Testing shows that also writes to the card are occasionally corrupted. When it happens, usually the transferred file begins ok, but every 4096 bytes the file might change to contain a block from some other part of the file or even binary garbage. Like so:

- the source file 49.txt consists of lines
0049-0001
0049-0002
0049-0003
...
0049-2399
0049-2400
0049-2401

The file is exactly 24010 bytes long.

After transferring that file to the SD card and back (via the card reader) and 
taking a diff, the differences are:

@@ -407,1995 +407,1992 @@
 0049-0407
 0049-0408
 0049-0409
-0049-0410
-0049-0411
-0049-0412
... (all lines in between removed; each line is 10 bytes)
-0049-2399
-0049-2400
-0049-2401
+0049-00049-0001
+0049-0002
+0049-0003
... (all lines in between added)
+0049-0408
+0049-0409
+0049-00049-0001
+0049-0002
+0049-0003
...
+0049-0408
+0049-0409
+0049-00049-0001
+0049-0002
+0049-0003
...
+0049-0407
+0049-0408
+0049-0409
+0049-00049-0001
+0049-0002
+0049-0003
...
+0049-0407
+0049-0408
+0049-0409
+0049-00049-0001
+0049-0002
+0049-0003
...
+0049-0351
+0049-0352
+0049-0353

dmesg from Linux 2.6.36.3 (which fails) attached, bisect results to follow
Comment 1 Mikko Vinni 2011-02-06 22:53:52 UTC
I bisected the problem between v2.6.36...v2.6.36.3 and v2.6.36...v2.6.37 (I couldn't reproduce the problem on plain v2.6.36).

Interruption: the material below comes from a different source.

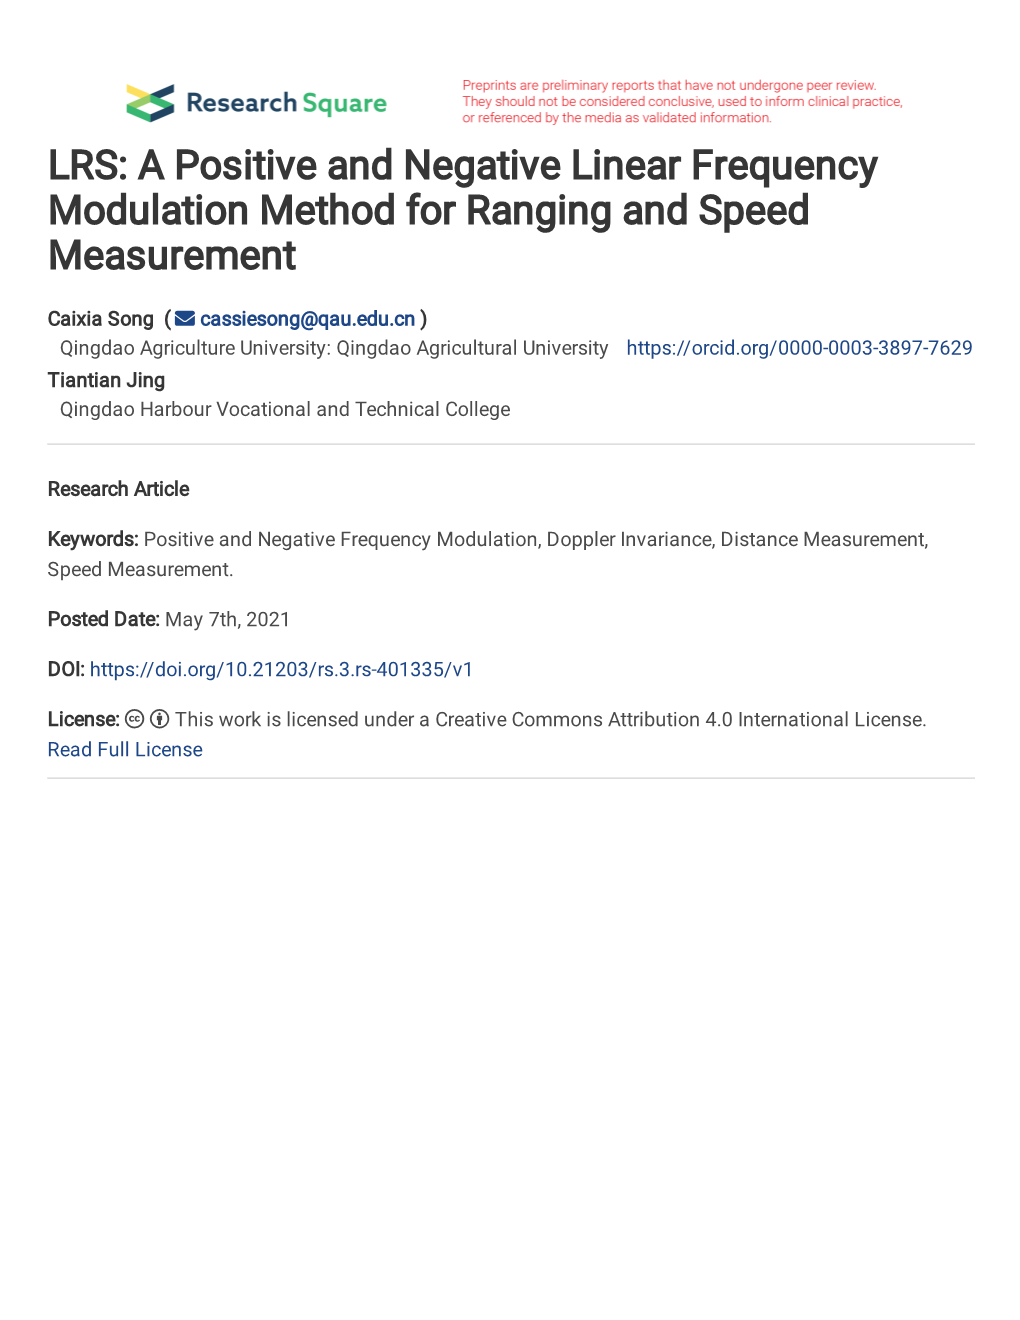 LRS: a Positive and Negative Linear Frequency Modulation Method for Ranging and Speed Measurement

Between v2.6.36...v2.6.36.3:

712fdd3c5b2b9cfa52a01b9fb22a3be9694bf147 is the first bad commit
commit 712fdd3c5b2b9cfa52a01b9fb22a3be9694bf147
Author: Alexey Starikovskiy <astarikovskiy@suse.de>
Date:   Thu Dec 9 17:07:54 2010 -0500

    ACPI: EC: Add another dmi match entry for MSI hardware
    
    commit a5dc4f898c2a0f66e2cefada6c687db82ba2fcbc upstream.
    
    http://bugzilla.kernel.org/show_bug.cgi?id=15418
    
    Signed-off-by: Alexey Starikovskiy <astarikovskiy@suse.de>
    Signed-off-by: Len Brown <len.brown@intel.com>
    Signed-off-by: Greg Kroah-Hartman <gregkh@suse.de>

diff --git a/drivers/acpi/ec.c b/drivers/acpi/ec.c
index f31291b..7bff18b 100644
--- a/drivers/acpi/ec.c
+++ b/drivers/acpi/ec.c
@@ -929,6 +929,9 @@ static struct dmi_system_id __initdata ec_dmi_table[] = {
        ec_flag_msi, "MSI hardware", {
        DMI_MATCH(DMI_CHASSIS_VENDOR, "MICRO-Star")}, NULL},
        {
+       ec_flag_msi, "MSI hardware", {
+       DMI_MATCH(DMI_CHASSIS_VENDOR, "MICRO-STAR")}, NULL},
+       {
        ec_validate_ecdt, "ASUS hardware", {
        DMI_MATCH(DMI_BIOS_VENDOR, "ASUS") }, NULL},
        {},


This commit should *not* cause any effect on this laptop, because according to dmidecode output: Chassis Information -> Manufacturer: Quanta

The text "Detected MSI hardware, enabling workarounds.\n" from ec_flag_msi() in drivers/acpi/ec.c does *not* appear in the logs. Nevertheless, I can revert this single patch from pure v2.6.36.3 and get a working system.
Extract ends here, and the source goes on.